Transcribe all data verbatim. Skip the pictures.

#### [Information supplied]

☆ ☆ ☆ ☆

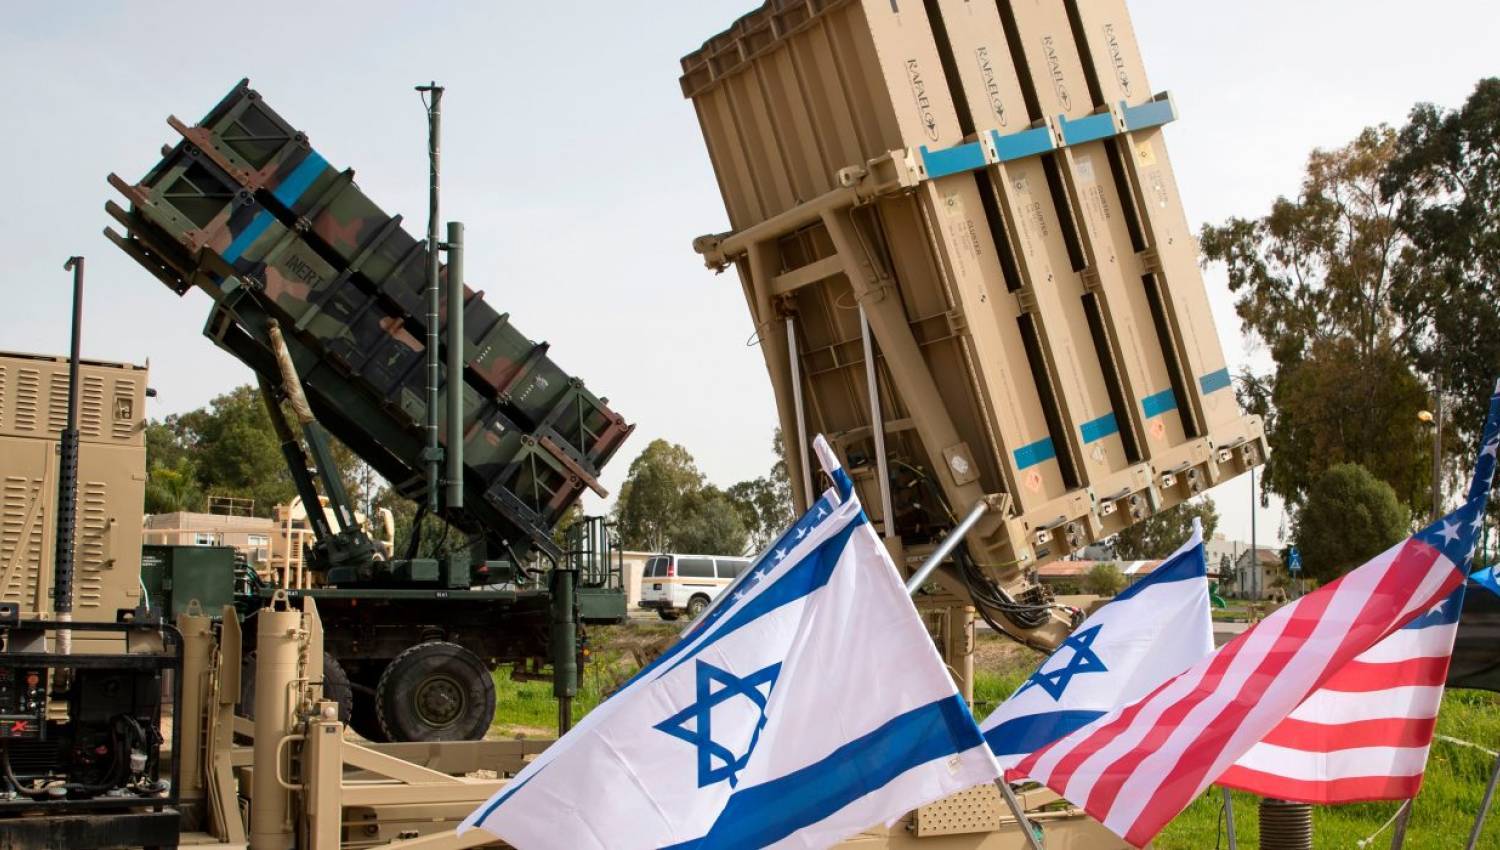 וושינגטון מודאגת מהנשורת: דיון על הגבלת התמיכה הצבאית לישראל
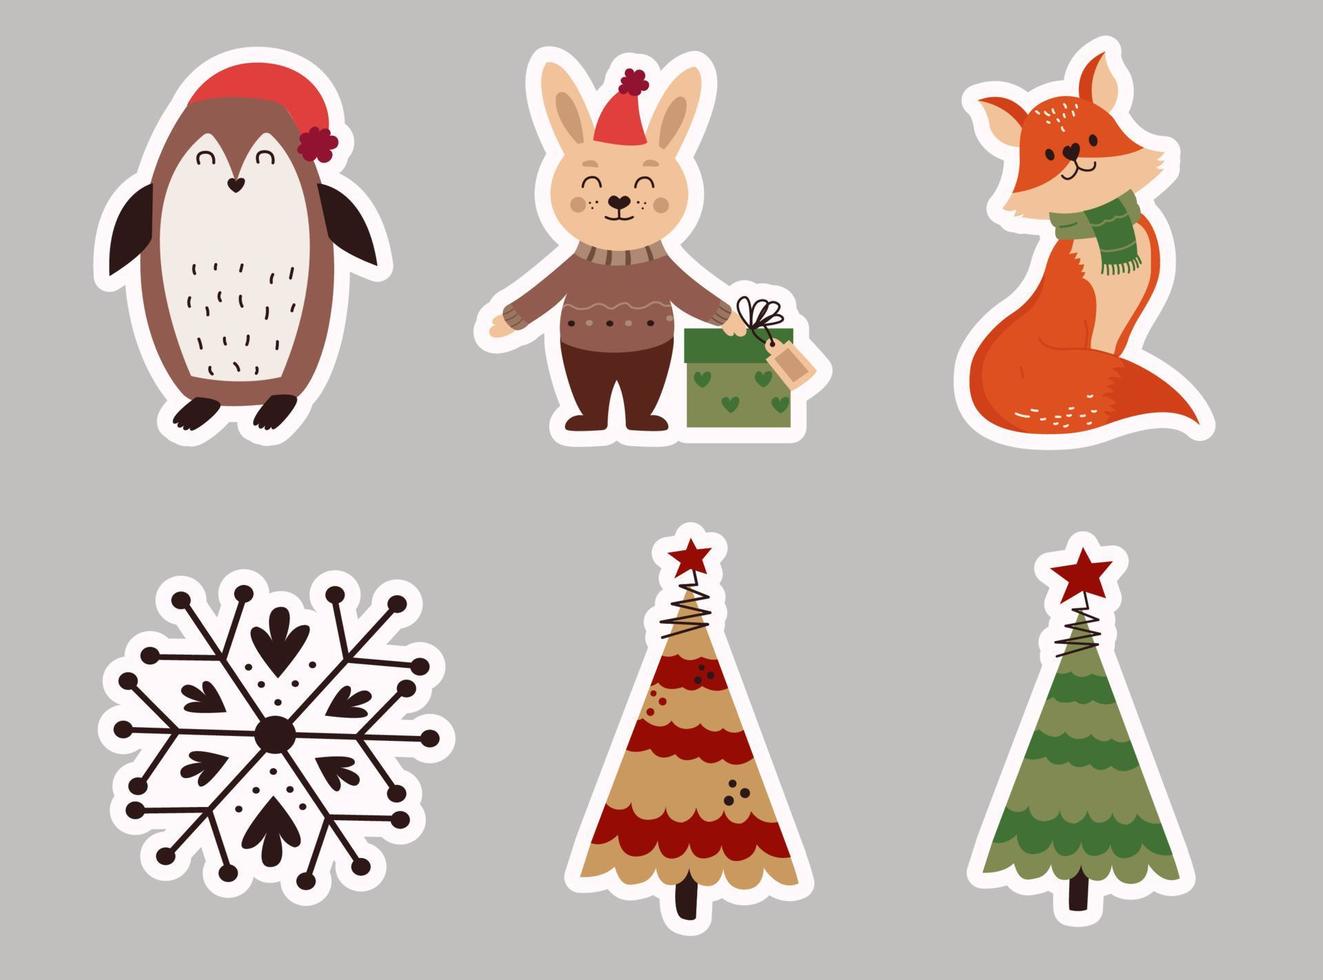 weihnachtsvektorset aus zeichentrickfiguren und aufklebern, kaninchen und pinguin. Vektor-Illustration vektor
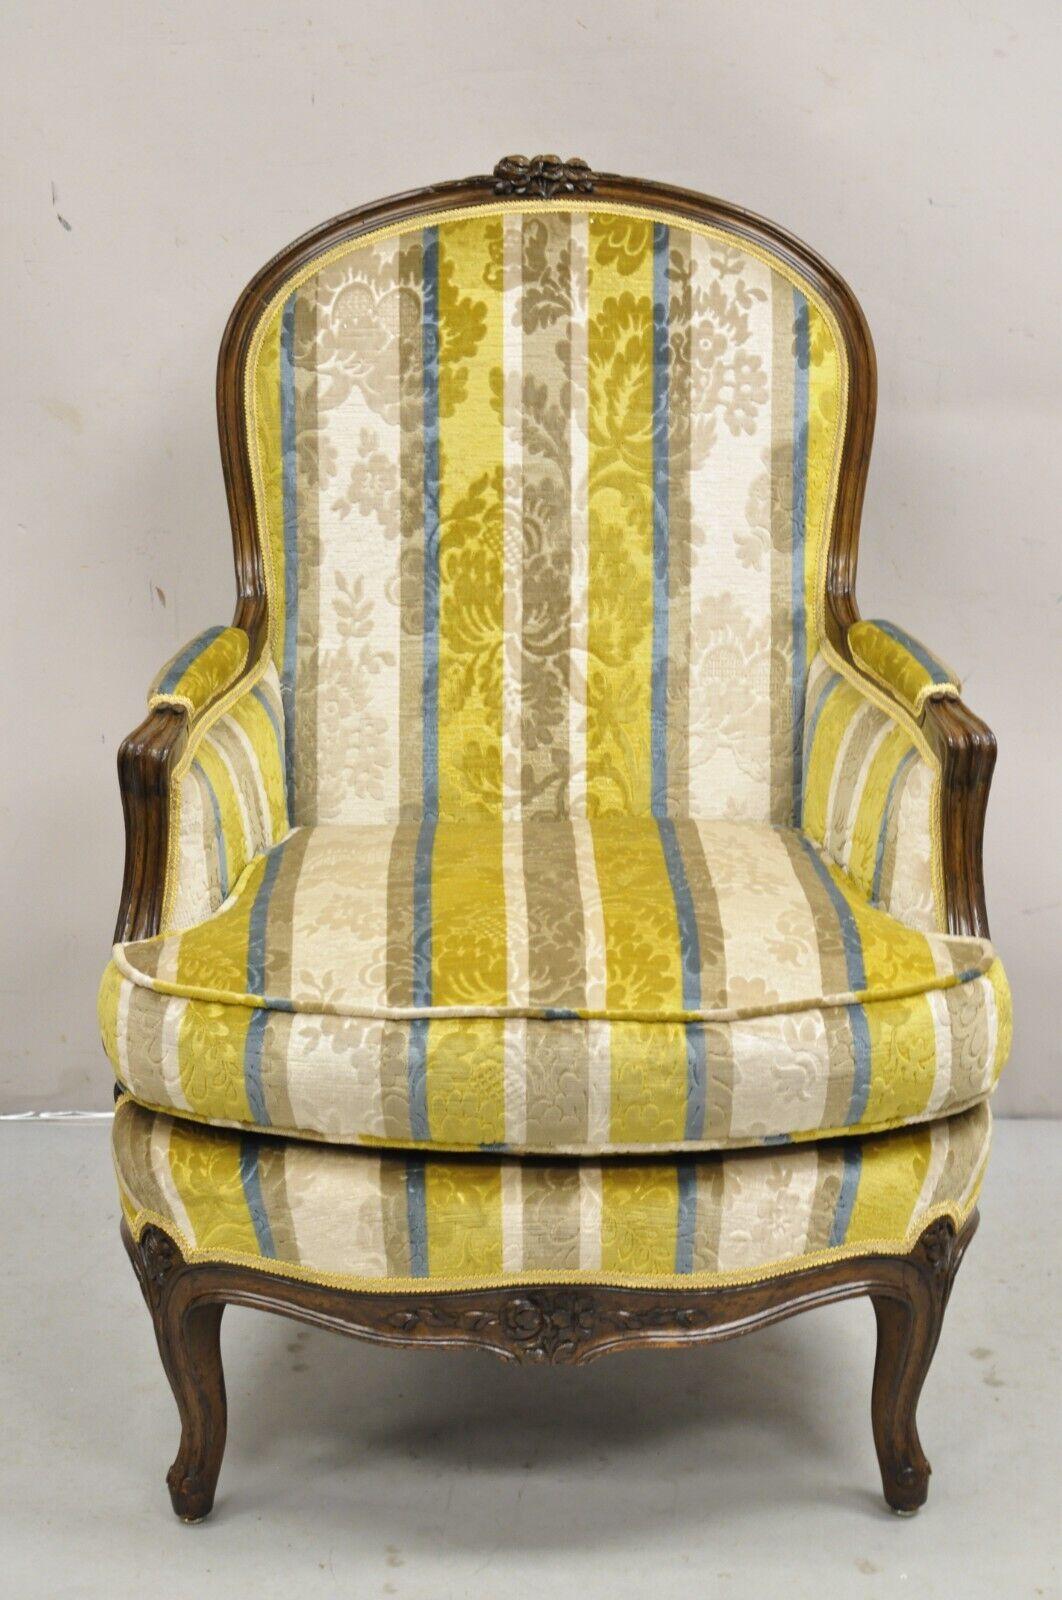 Vintage French Louis XV Style Carved Walnut Upholstered Bergere Lounge Arm Chair. L'article présente un revêtement imprimé bleu, jaune et beige, un cadre finement sculpté et vieilli, un dossier soutenu par un châssis, une très belle chaise vintage.
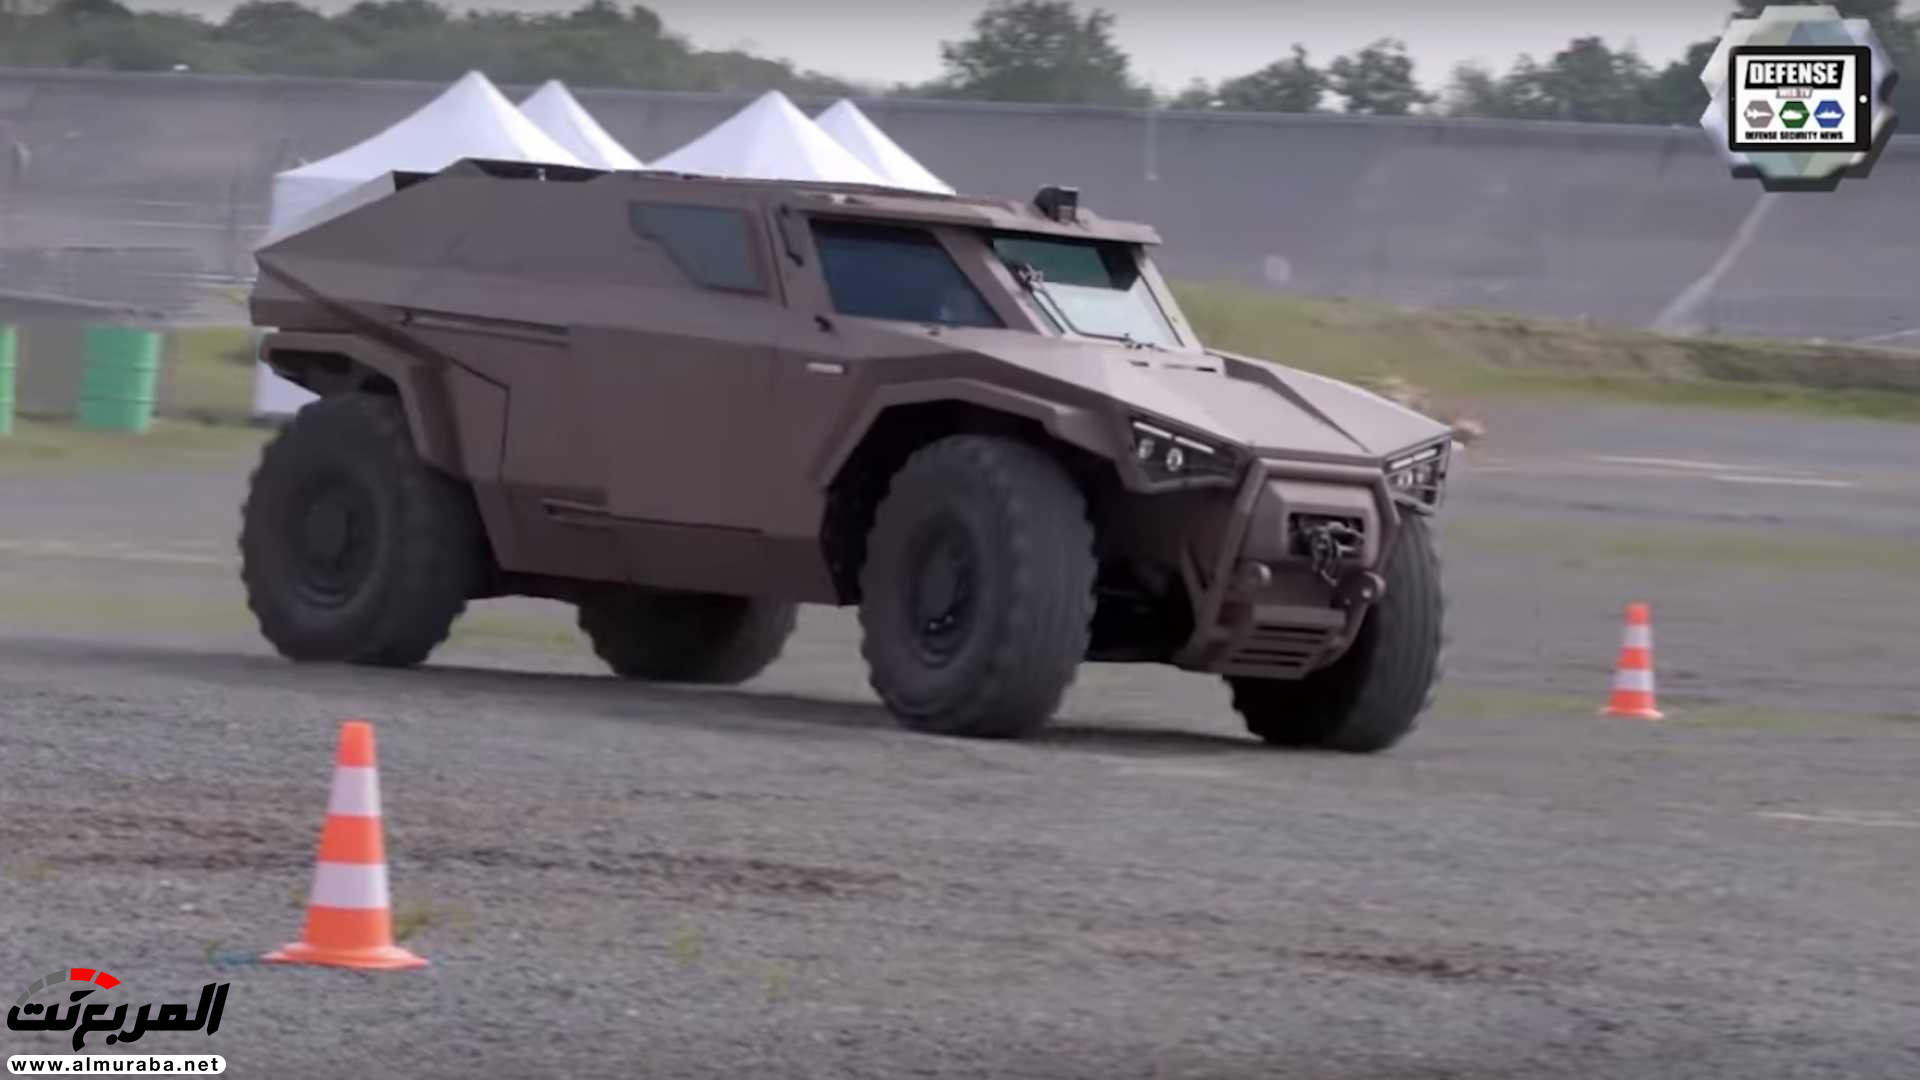 "بالفيديو والصور" فولفو صنعت سيارة عسكرية تنافس همر 5

☆ ☆ ☆ ☆

#### [Result of this exercise]
 וושינגטון מודאגת מהנשורת: דיון על הגבלת התמיכה הצבאית לישראל
 weihnachtsvektorset aus zeichentrickfiguren und aufklebern, kaninchen und pinguin. Vektor-Illustration vektor
 Vintage French Louis XV Style Carved Walnut Upholstered Bergere Lounge Arm Chair. L'article présente un revêtement imprimé bleu, jaune et beige, un cadre finement sculpté et vieilli, un dossier soutenu par un châssis, une très belle chaise vintage.
 "بالفيديو والصور" فولفو صنعت سيارة عسكرية تنافس همر 5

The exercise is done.